Para cocinar carne no basta con arrojar las piezas a una sartén o plancha caliente. Hay que hacerlo con la técnica adecuada en función del tipo de resultado que queramos. Cuando se busca un corte sabroso y jugoso a partes iguales, conviene sellar antes dicho alimento. Este método posibilita que la carne mantenga los líquidos dentro, haciendo que resulte más suculenta en el paladar. Para aquellas personas que deseen mejorar el preparado de las carnes, en Alimente contamos todo lo que hay que saber sobre la técnica culinaria del sellado.

¿Qué es el sellado de la carne?

Hay que calentar la superficie de la carne a gran temperatura.
Hay que calentar la superficie de la carne a gran temperatura.

El sellado o marcado de la carne es una técnica que se emplea en la cocina para conseguir que esta tenga más sabor y sea más jugosa. Con ella, la carne pierde una cantidad ínfima de los líquidos que posee en su interior, provocando que a la hora de dar un bocado resulte menos seca. Además, se trata de una forma de cocinar muy sencilla que solo requiere cierta atención.

Para conseguir este resultado, es necesario calentar la superficie de las piezas de carne a fuego fuerte en una plancha o sartén. Si estas se encuentran a una temperatura muy alta, la zona exterior comenzará a cocinarse y a formar una costra caramelizada más oscura. De esta forma, al sellar la superficie de la carne se contribuye a que se preserven los jugos internos, que no pueden ser liberados de la misma manera. Además, esta capa externa aporta un toque crujiente con cierto dulzor que se traduce en un matiz de lo más interesante y un contraste de sabores y texturas.

¿Cómo realizarlo?

Filete en la sartén.
Filete en la sartén.

Esta es una técnica muy sencilla que solo requiere de una plancha o sartén, aceite de oliva para evitar que se pegue y la pieza de carne que queráis cocinar, independientemente de si es de ave, cerdo o ternera, por ejemplo. Una vez está todo preparado, los pasos a seguir son los siguientes:

  • Primero hay que colocar la sartén o plancha sobre el fuego. Es mejor si dicho utensilio es antiadherente para evitar que se peguen las piezas, pues estas permanecerán inalterables durante el cocinado. Tras esto, debemos calentar a fuego fuerte hasta que logre alcanzar una alta temperatura.
  • Vertemos una cucharada de aceite de oliva sobre la superficie de la misma.
  • Tras unos treinta segundos con el aceite sobre el fuego y antes de que empiece a generar un poco de humo por el calentamiento del mismo, es el momento de colocar las piezas de carne. Es importante que estas estén bien secas y no tengan agua si han sido sometidas a un proceso de descongelación. Además, si se van a cocinar varias al mismo tiempo, conviene que haya espacio entre ellas.

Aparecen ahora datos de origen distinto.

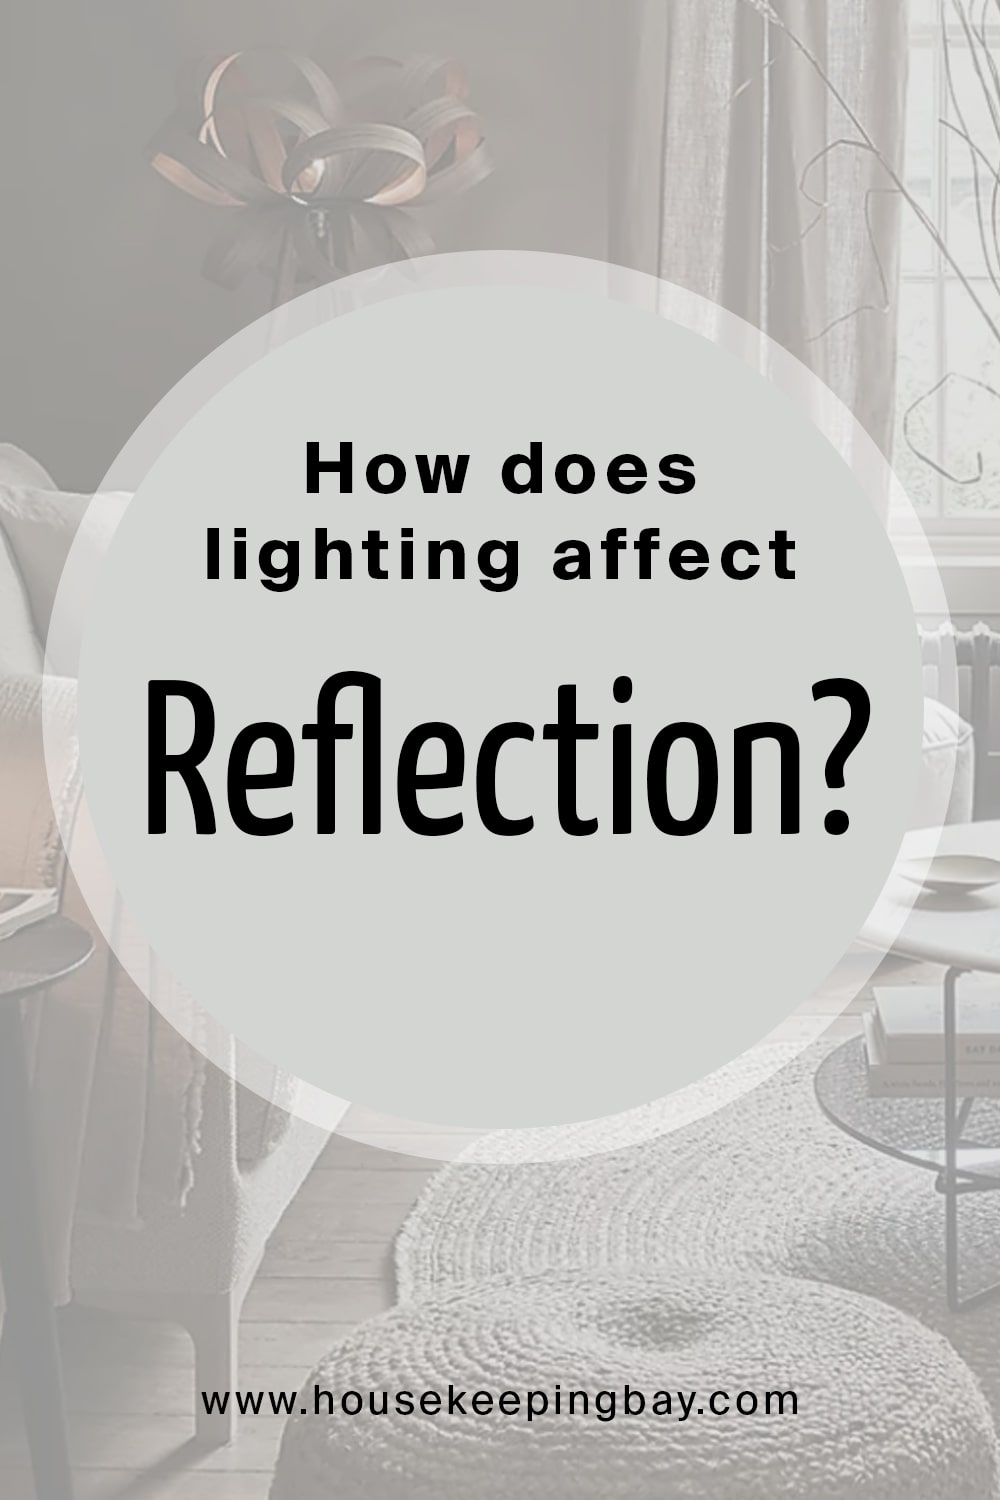 How does lighting affect Reflection

Es una técnica que se emplea en la cocina para conseguir que las carnes tengan más sabor y sean más jugosas

  • Una vez colocada la carne sobre la sartén a fuego fuerte, hay que evitar tocar dichos trozos, pues durante los primeros instantes parecerá que se están pegando a la superficie. Cuando hayan pasado dos o tres minutos, se le da la vuelta a cada pieza y se cocinan por el otro lado. En ese lapso de tiempo, comenzará a aparecer la costra caramelizada de la grasa y los jugos de la carne, lo que permitirá que se puedan mover cómodamente por la sartén o plancha correspondiente.
  • Tras esto, la carne ya ha sido sellada en el exterior, pero el interior continúa crudo. En este momento, podemos terminar las piezas que se han marcado en la plancha, la sartén o la barbacoa a fuego lento o medio para que consigan un buen acabado. También se puede emplear el horno para asar la carne. No obstante, hay piezas como la ternera que pueden quedar más crudas por dentro, siempre que sea del gusto de los comensales.

Cabe señalar que para realizar esta técnica el cocinero debe estar atento durante todo el proceso. Al emplear altas temperaturas, descuidarse durante unos segundos puede suponer que la carne se cocine demasiado o que incluso llegue a quemarse.